Ten French women detained in camps in Syria began a hunger strike on Sunday "to protest the constant refusal" by the French authorities to "organize their return with their children" to their country, two lawyers said.
In a statement, attorneys Marie Dose and Ludovic Riviere, who advise some of these women, said that "after years of waiting and no possibility (of) a verdict (...) they feel that they have no other choice but to abstain from eating."
"These women explained in audio messages sent to their relatives that they could no longer bear watching their children suffer, and that they wanted to assume their responsibility and to be judged in France for what they had done," they added.
About 80 women who joined ISIS, along with 200 children, are being held in camps in Syria run by Kurdish forces.
Women walking with their children in Al-Hol camp, which includes families of Syrian, Iraqi and foreign (European) nationalities
The International Committee of the Red Cross, which works in the al-Hol and Roj camps in northeastern Syria, says that children suffer from malnutrition and severe respiratory diseases during the winter season.
The United Nations Committee on the Rights of the Child warned last November of the "immediate" danger to the lives of these children, who are being held in "inhumane sanitary conditions," and who are deprived of "the most basic food."
For years, Paris has adopted a case-by-case policy regarding the return of these children.
So far, 35, most of them orphans, have been returned.

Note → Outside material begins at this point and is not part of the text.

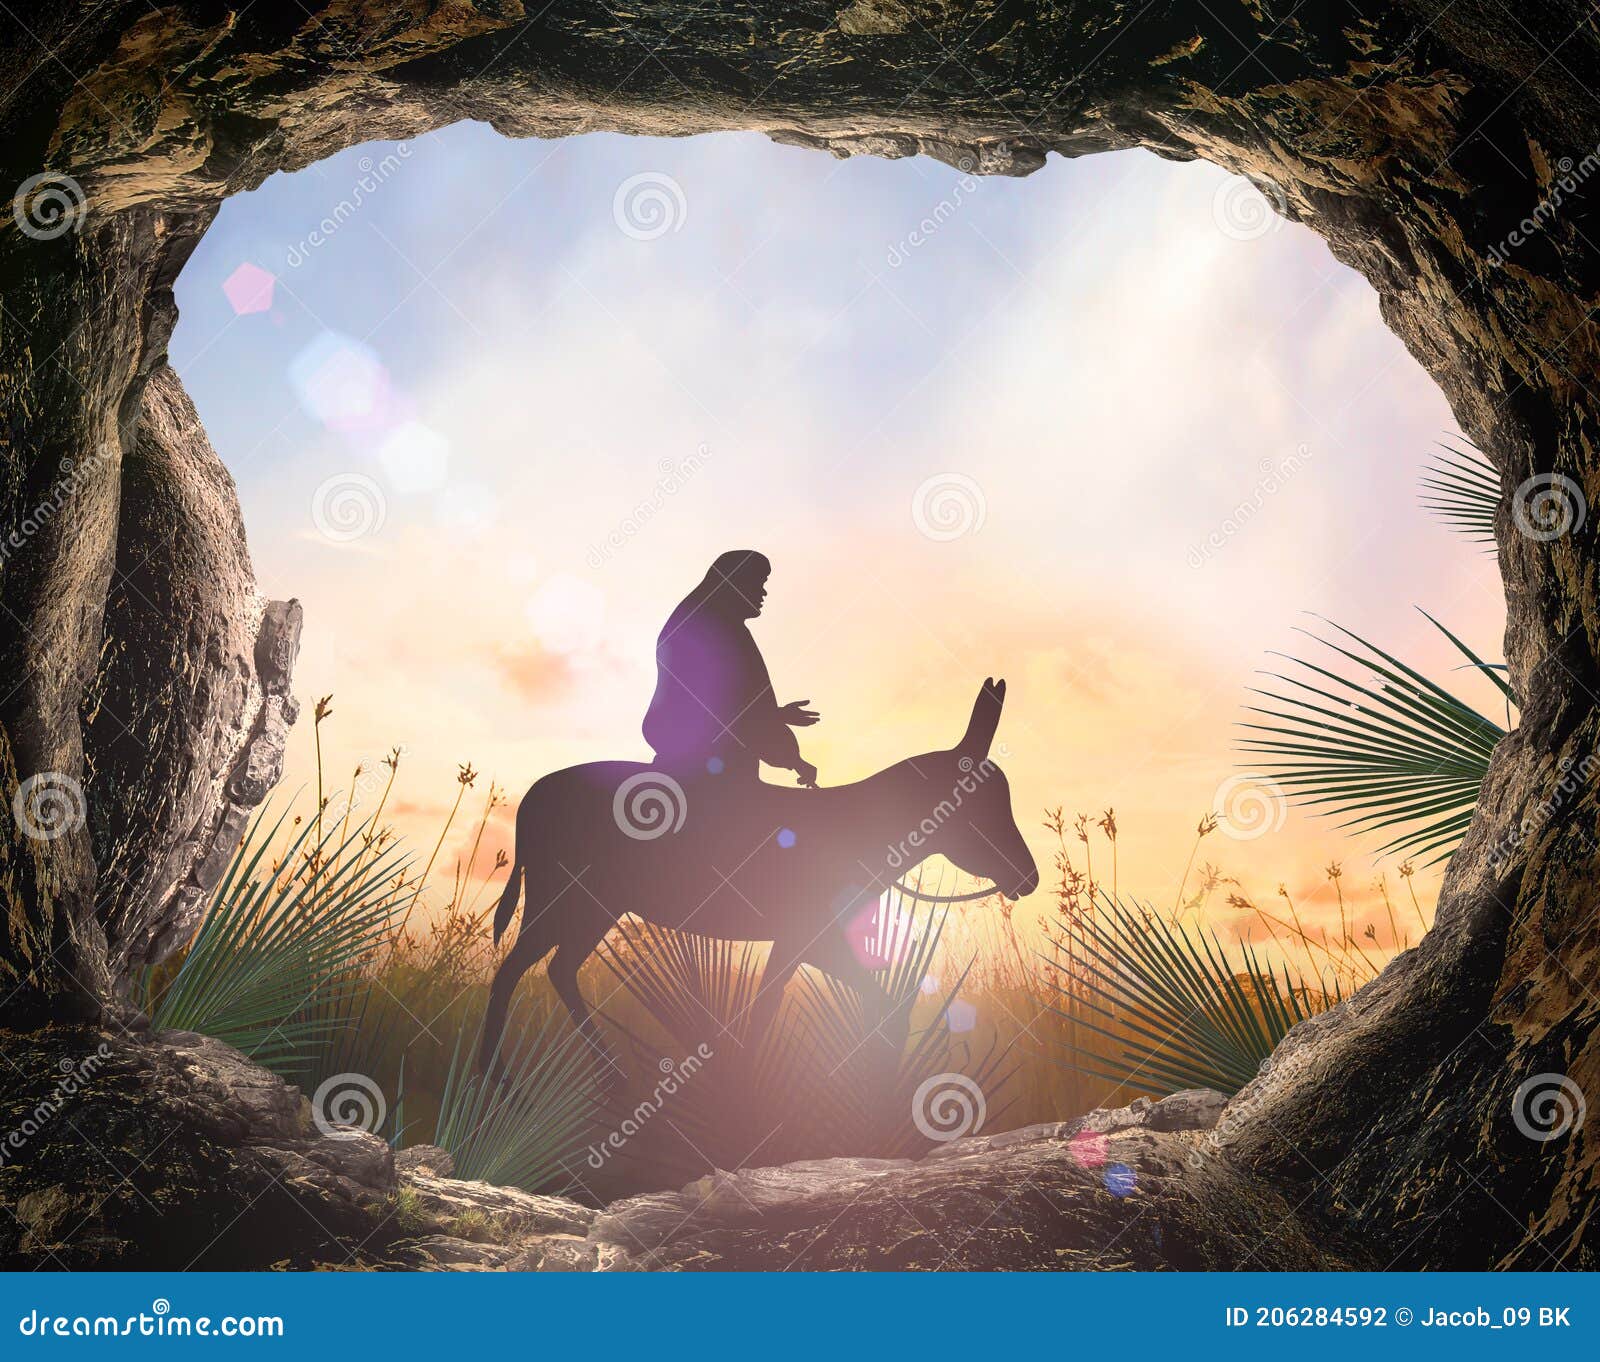 jesus christ riding donkey with tomb stone

The two lawyers said that "leaving these women in these camps, while the Kurdish authorities have been urging France for years to return them, is completely irresponsible and inhuman."
Pascal Decamp, the mother of a 32-year-old woman with cancer and who is being held in a camp in Syria with her four children, stopped eating at the beginning of February, in an attempt to push for her daughter's repatriation.
Last December, the United Nations High Commissioner for Human Rights asked France to "take the necessary measures" to allow this woman access to medical care.